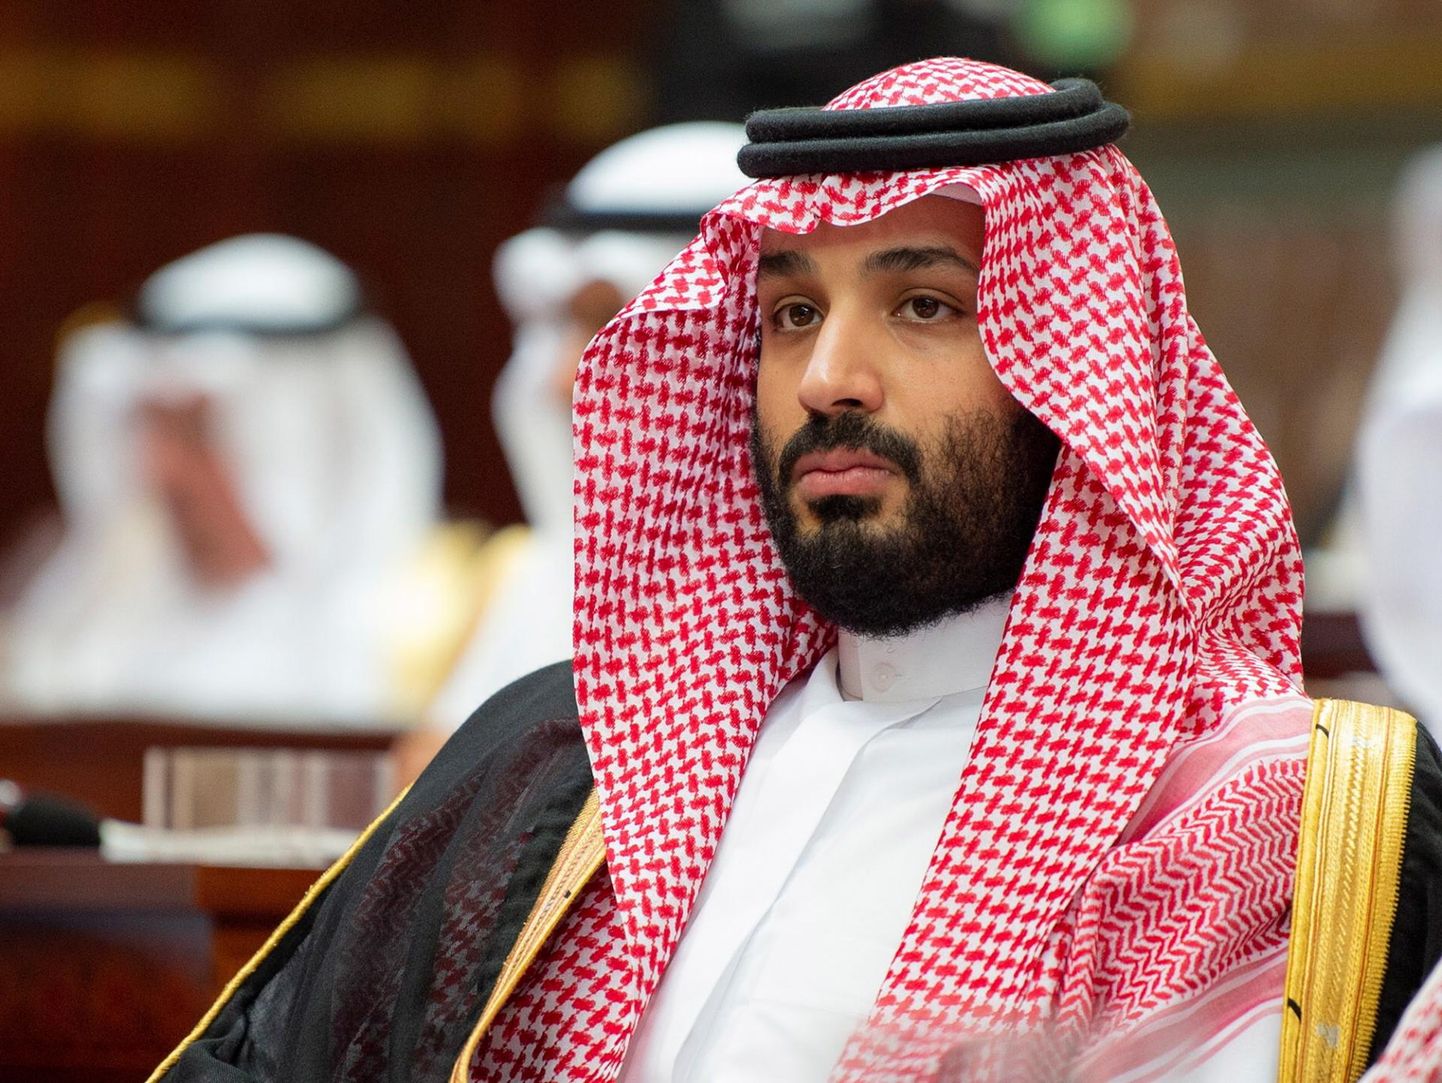 Ameerika Ühendriikide Luure Keskagentuuri (CIA) hinnangul tellis ajakirjanik Jamal Khashoggi mõrva Saudi Araabia kroonprints Mohammad bin Salman.
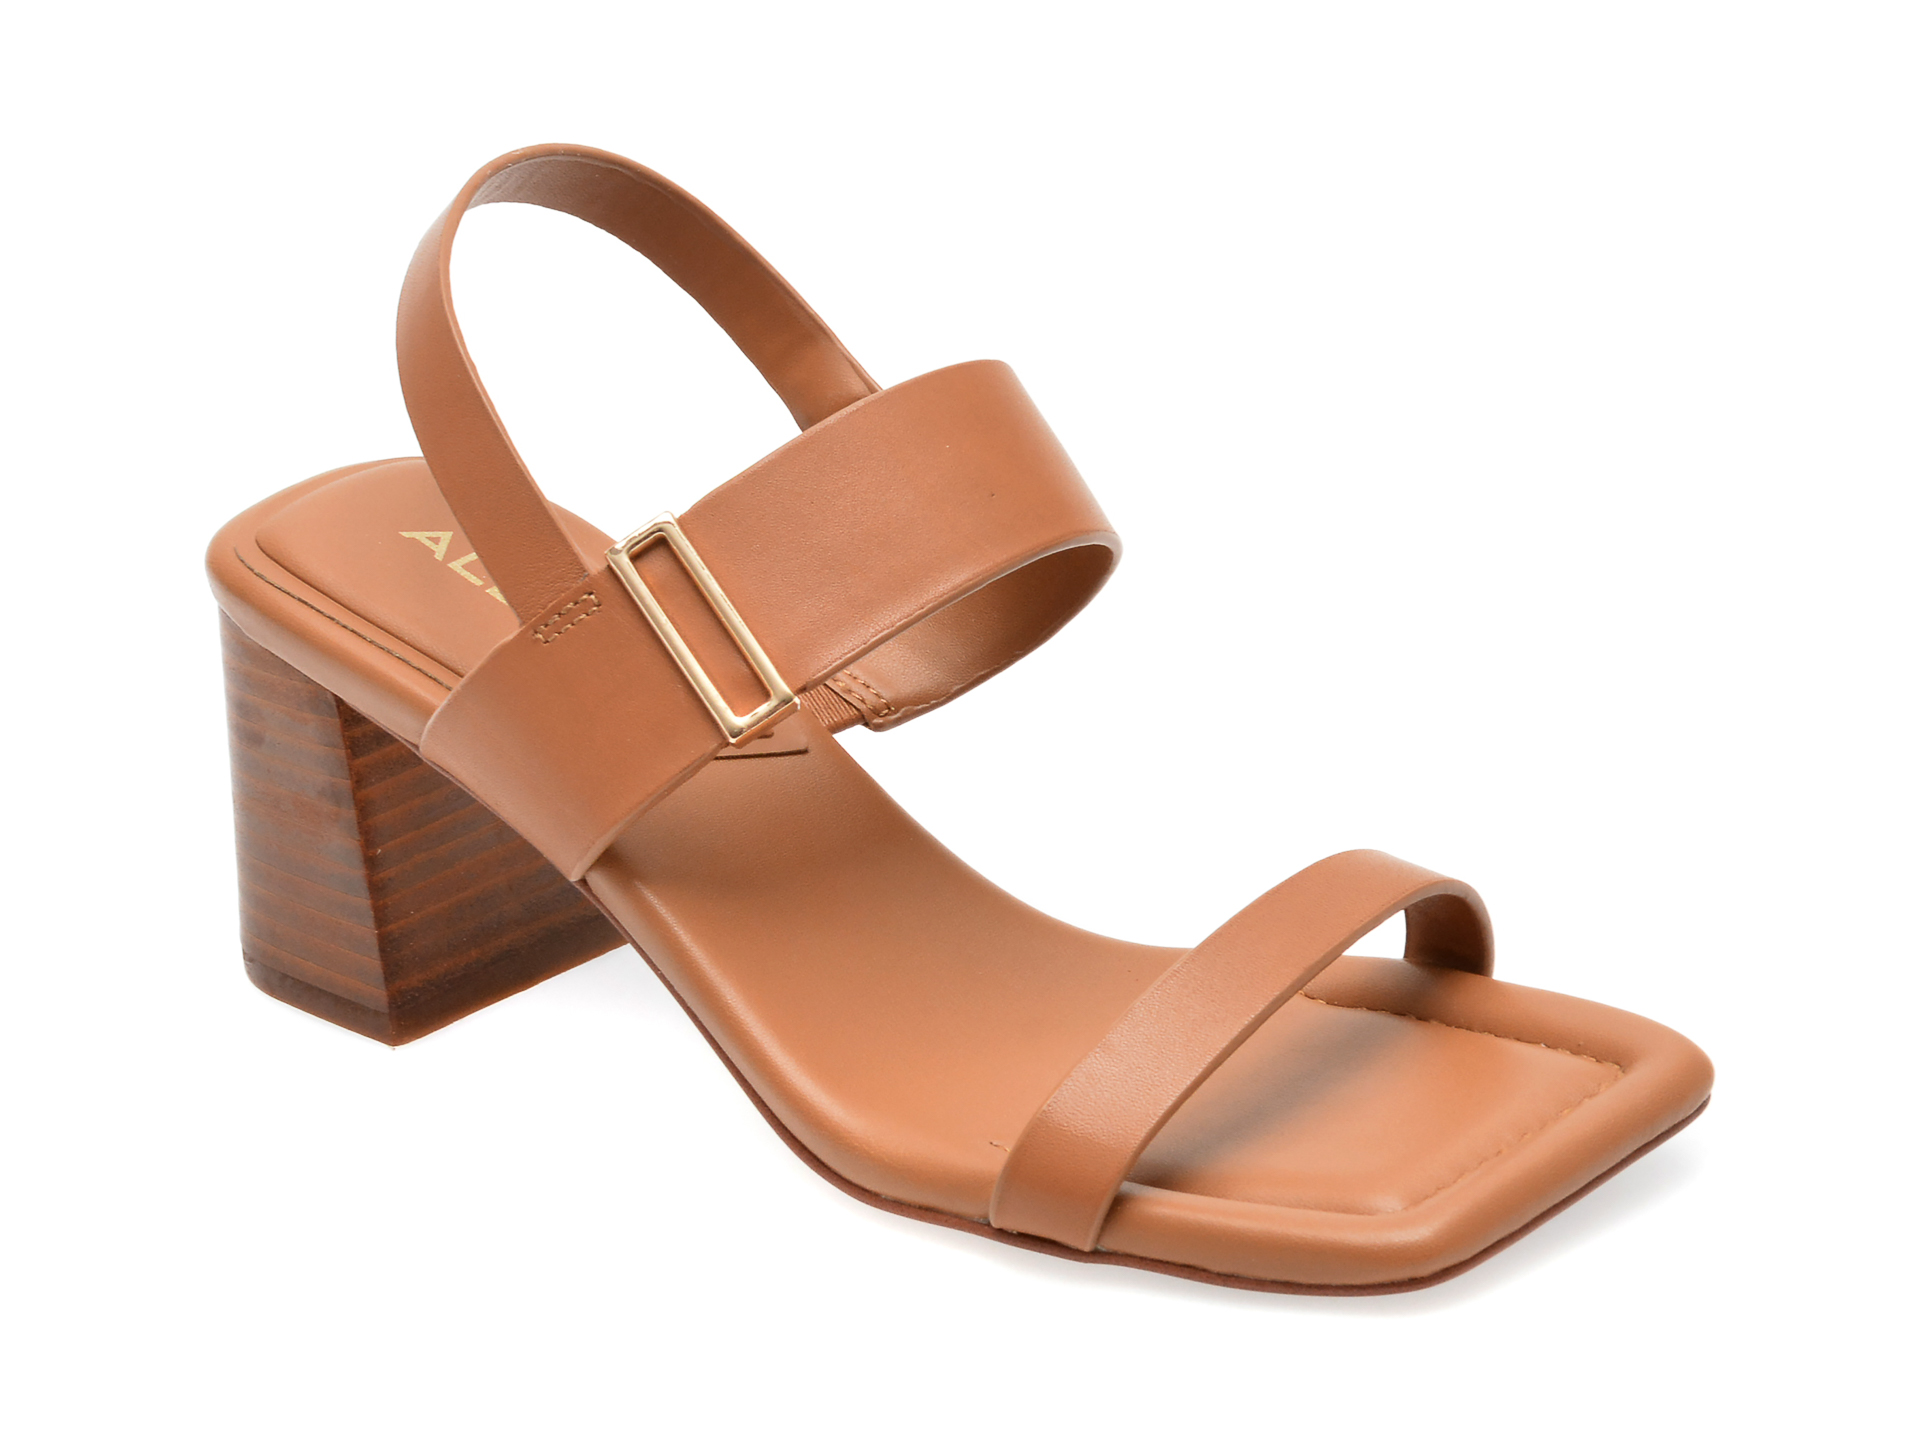 Sandale ALDO nude, FIDLES259, din piele naturala femei 2023-09-23
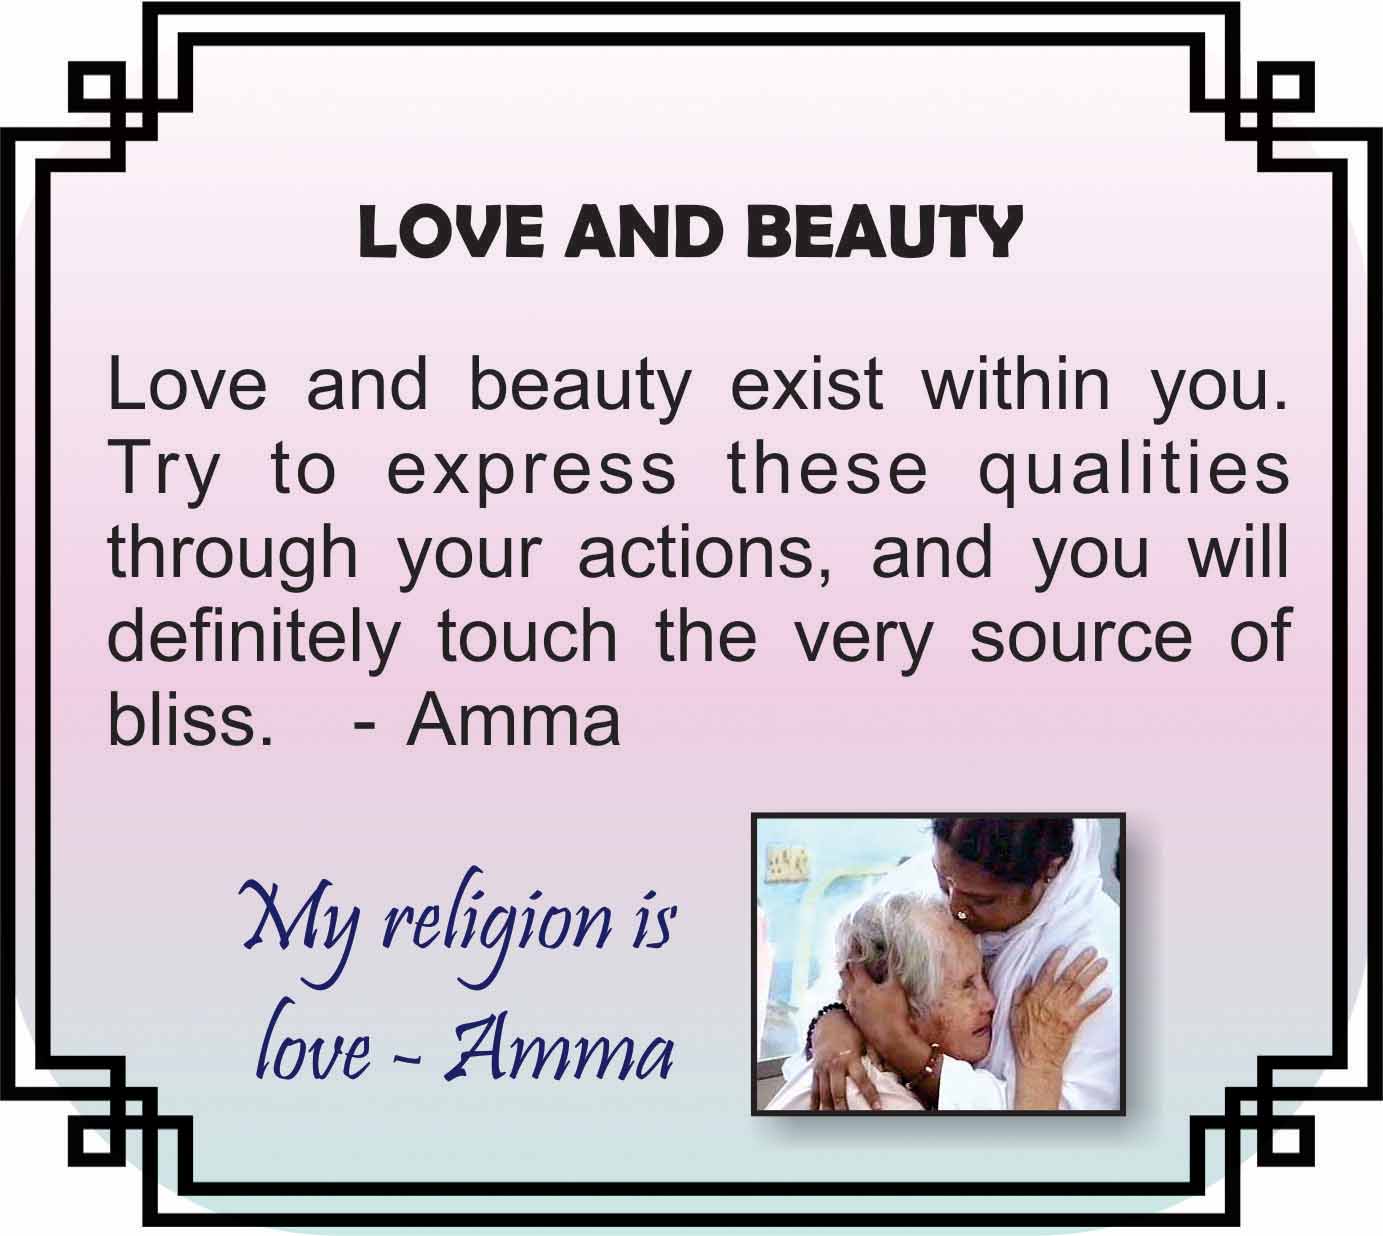 Amma love and beauty
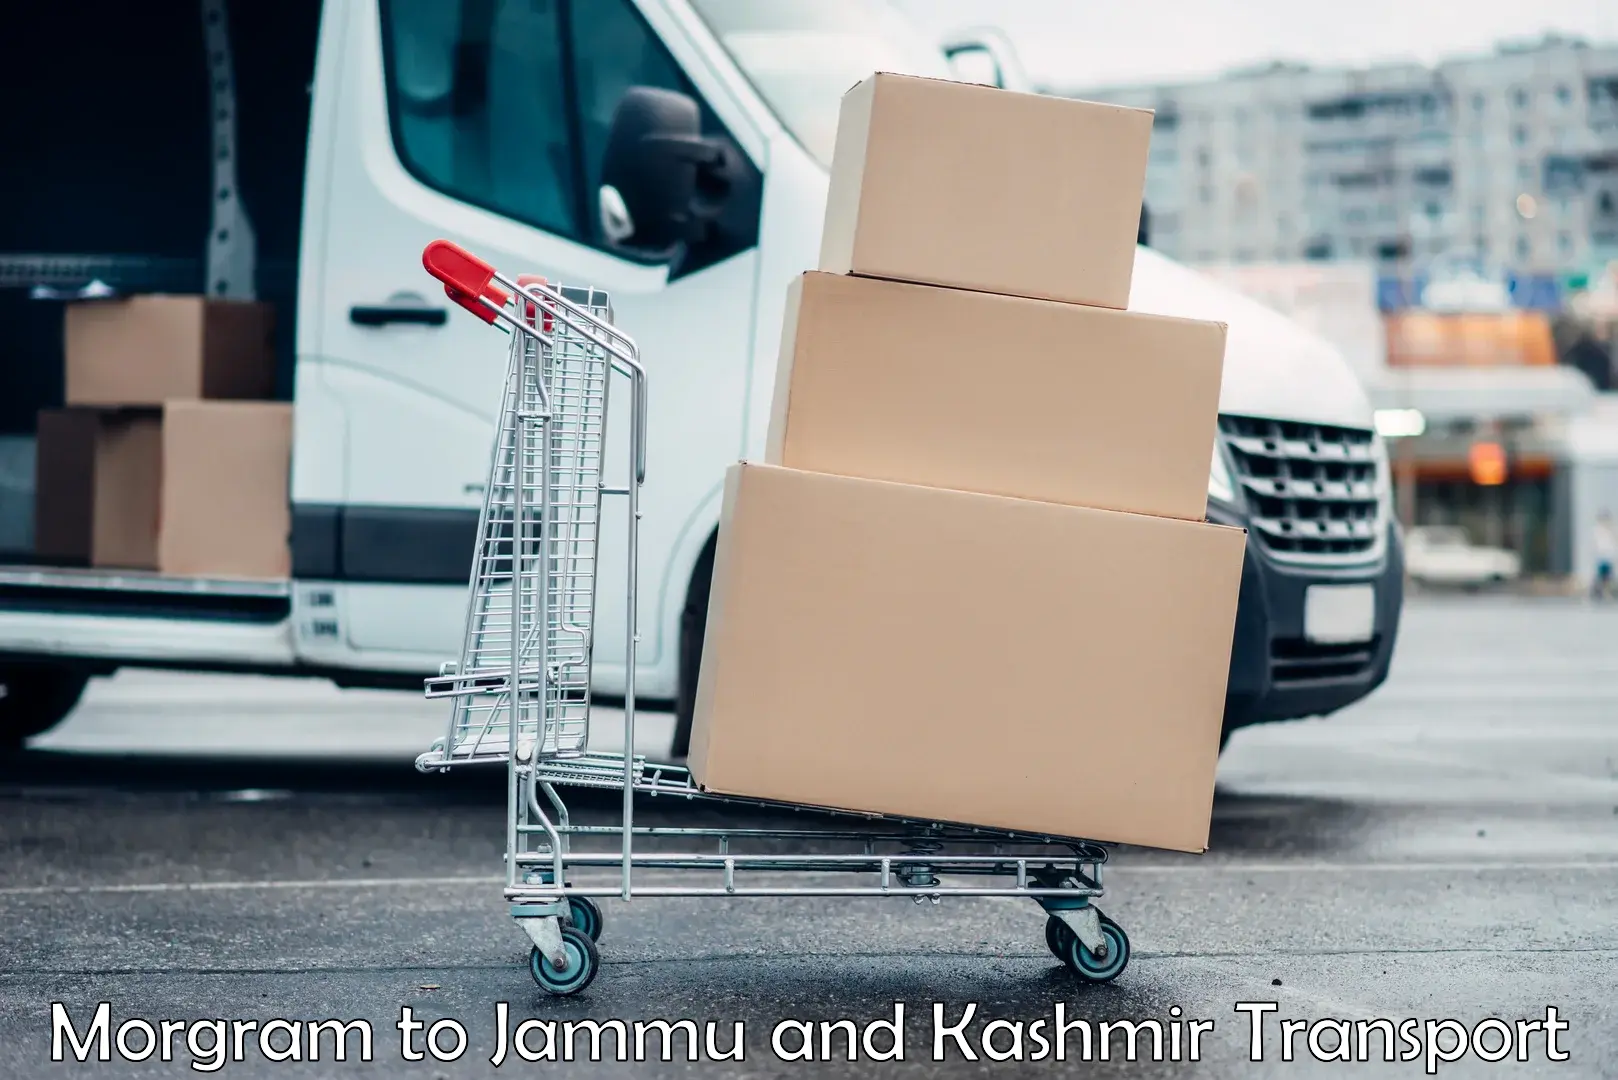 Parcel transport services Morgram to Jammu and Kashmir

→ WHAT YOU WILL DO:
Print each line of the material above exactly, with the pictures removed from your copy.

→ EXERCISE RESPONSE:
 Ameerika Ühendriikide Luure Keskagentuuri (CIA) hinnangul tellis ajakirjanik Jamal Khashoggi mõrva Saudi Araabia kroonprints Mohammad bin Salman.
 Sandale ALDO nude, FIDLES259, din piele naturala femei 2023-09-23
 Amma love and beauty
 Parcel transport services Morgram to Jammu and Kashmir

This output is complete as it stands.